Tyle „Kronika Opery”. 15 zł w antykwariacie. Z taki leksykon! Co się dzieje z tym światem, w którym takie pozycje sprzedaje się za grosze, tymczasem dzieciaki blikiem płacą setki złotych za cheaty, pokemony i inksze tokeny do gier. Materiał na osobny felieton...
Ale wróćmy do tego. Operowego. ARTE, Mezzo, TVP Kultura, EuroArtsChannel… - naprawdę jest w czym wybierać. I warto dać szansę operom, czy baletom, choć oczywiście czasem trzeba przymknąć oko na ekscentryczną, ultranowoczesną inscenizację.

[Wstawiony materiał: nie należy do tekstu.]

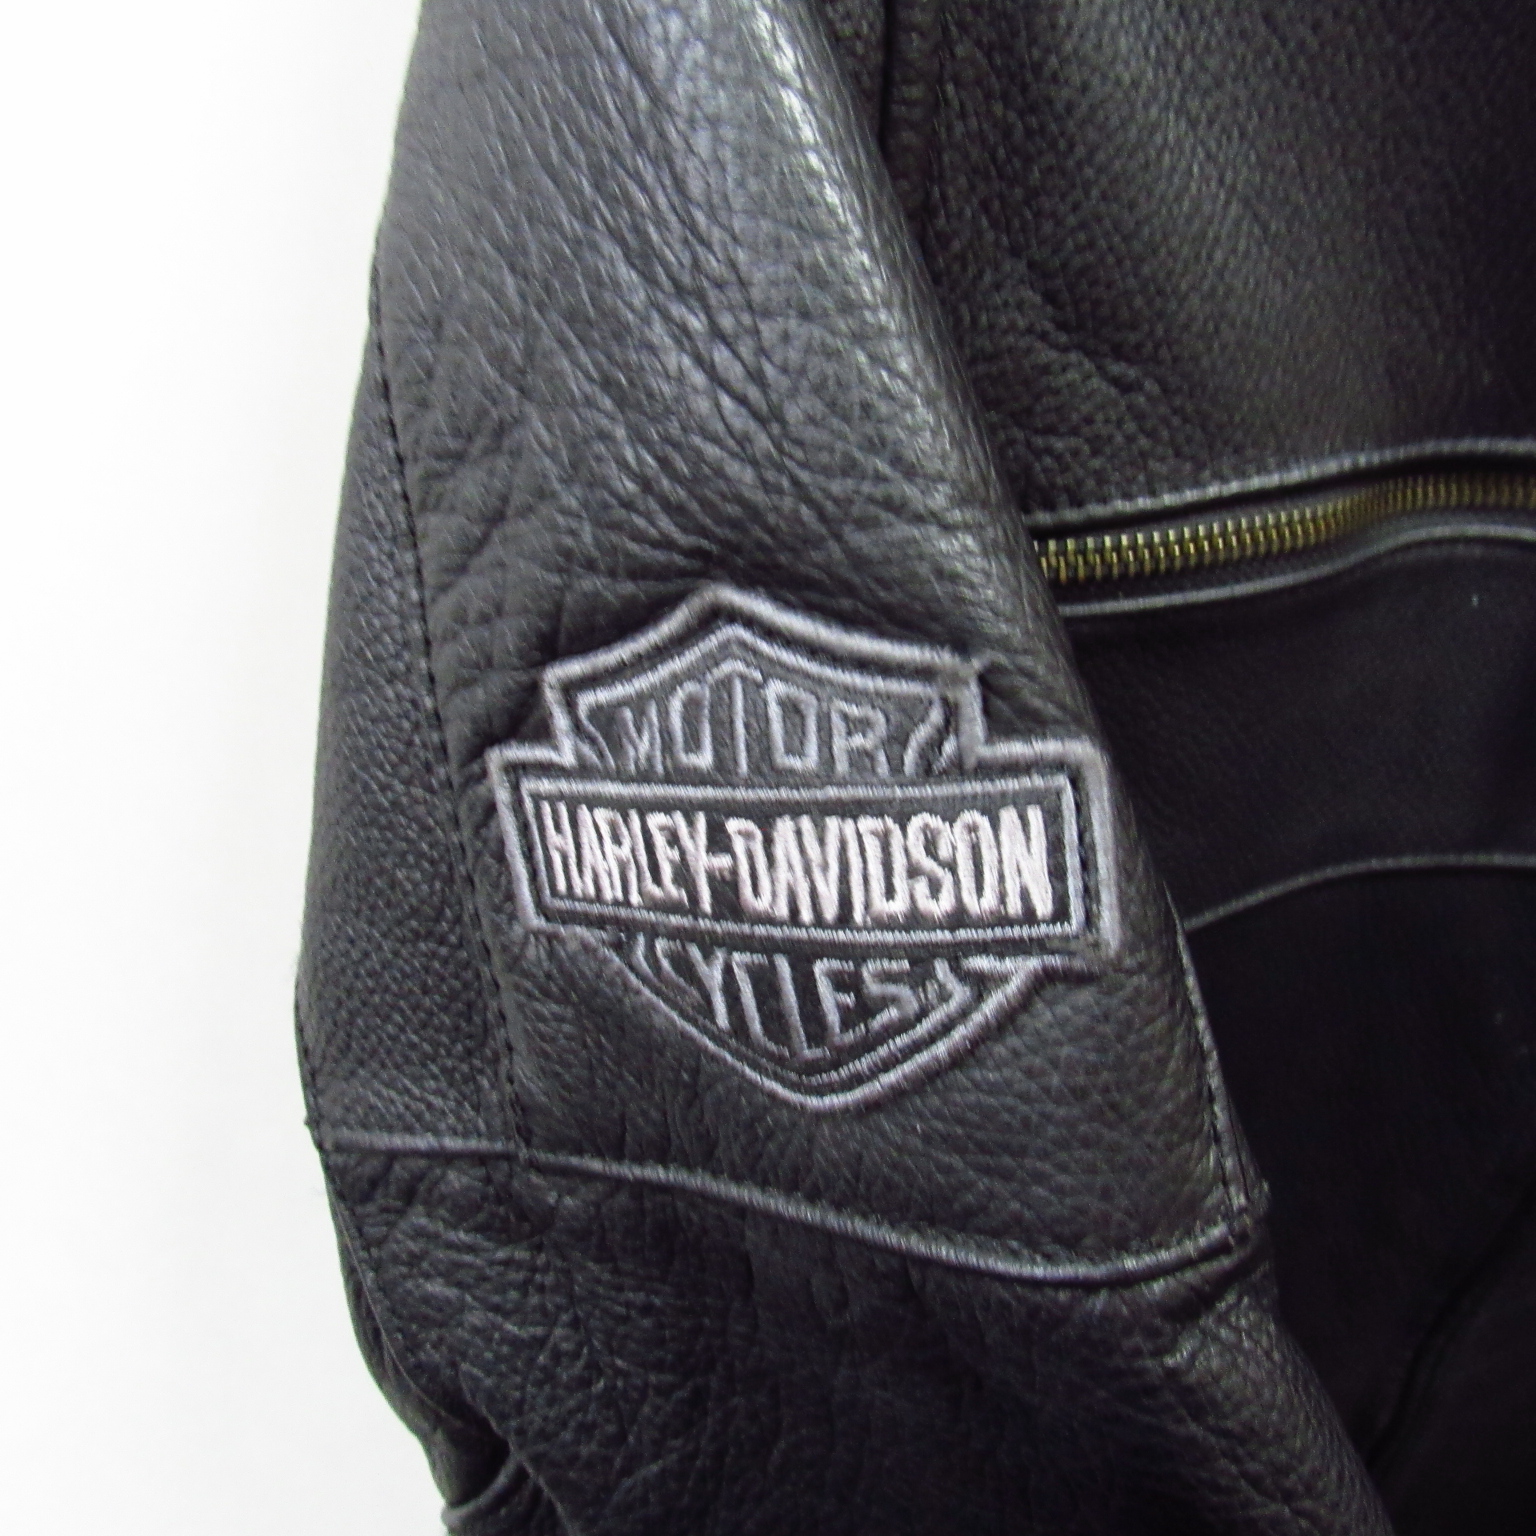 Harley-Davidson 98045-19VM Swingarm 3-in-1 Leather Jacket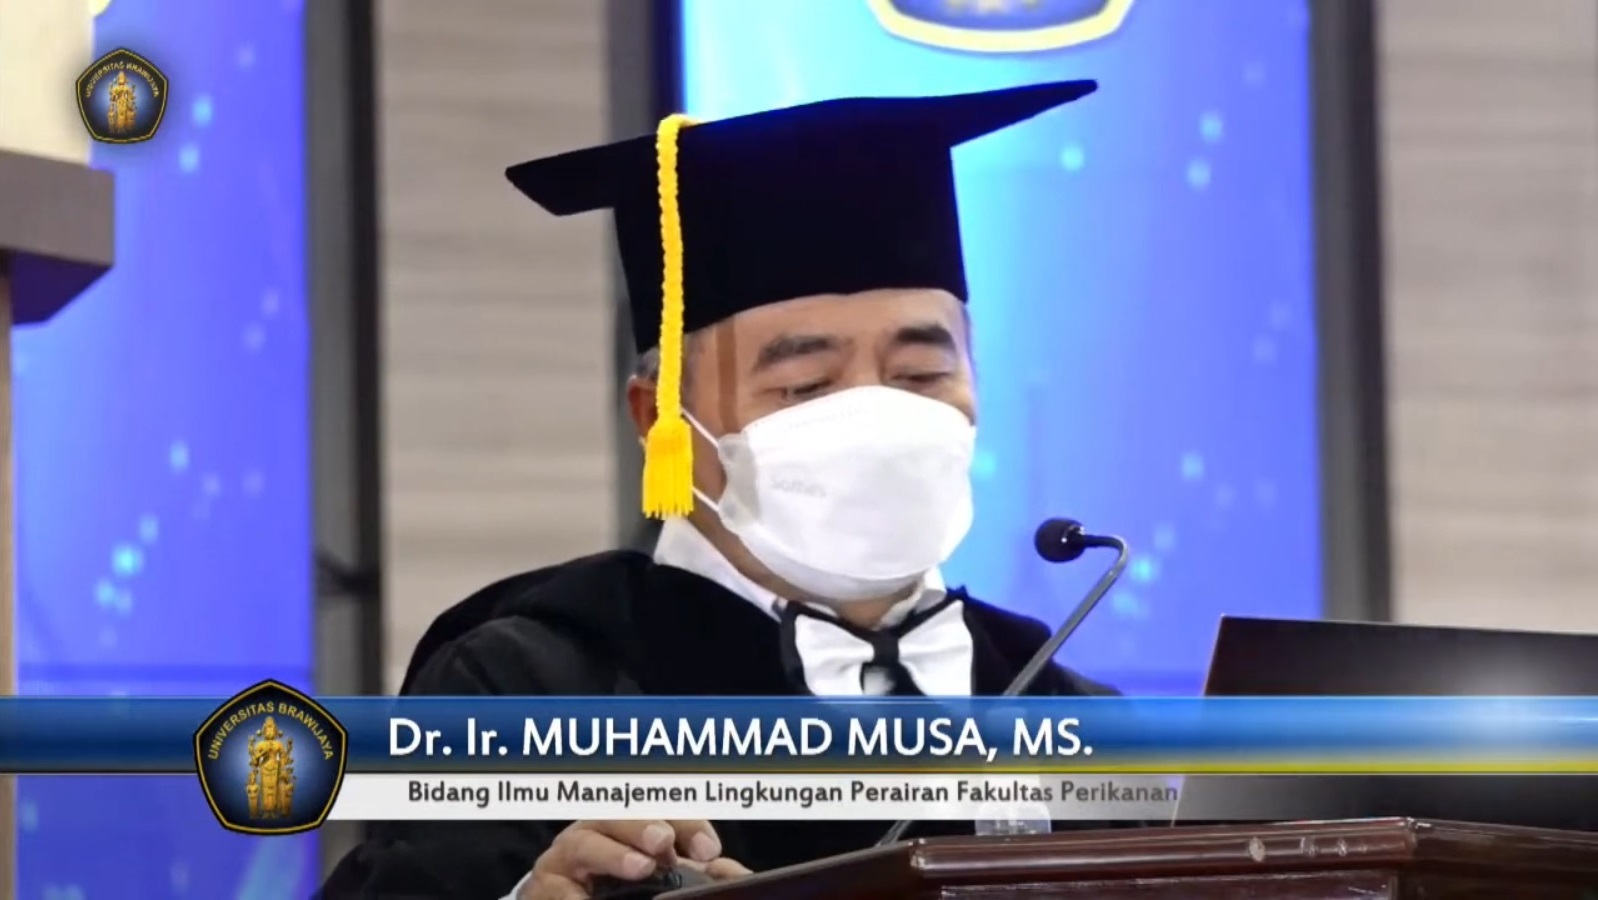 Pengukuhan Prof. Dr. Ir. Muhammad Musa, MS

Zresztą z tego co czytałem o „Salome”, którą po raz pierwszy wystawiono w Dreźnie w 1905, już w wtedy były kłopoty. Że przeerotyzowana, że w Wiedniu never ever to nie przejdzie i ma opcji, by wystawili coś takiego. Ha! Gdyby widzieli to co zaserwowała nam ostatnio Opéra National de Paris.
Akcja toczy się w przyszłości, po jakiejś katastrofie, bądź wojnie atomowej. Bogocze (m.in. Herod stylizowana na trans-Trumpa) siedzą w bunkrze i oczywiście bawią się i ucztują w czasie orgii, zaś nad ich bezpieczeństwem (i tym by mieli nieletnich pod dostatkiem), czuwają żołnierze kosmosu oraz strażnicy w kombinezonach chroniącym przed radioaktywnym promieniowaniem.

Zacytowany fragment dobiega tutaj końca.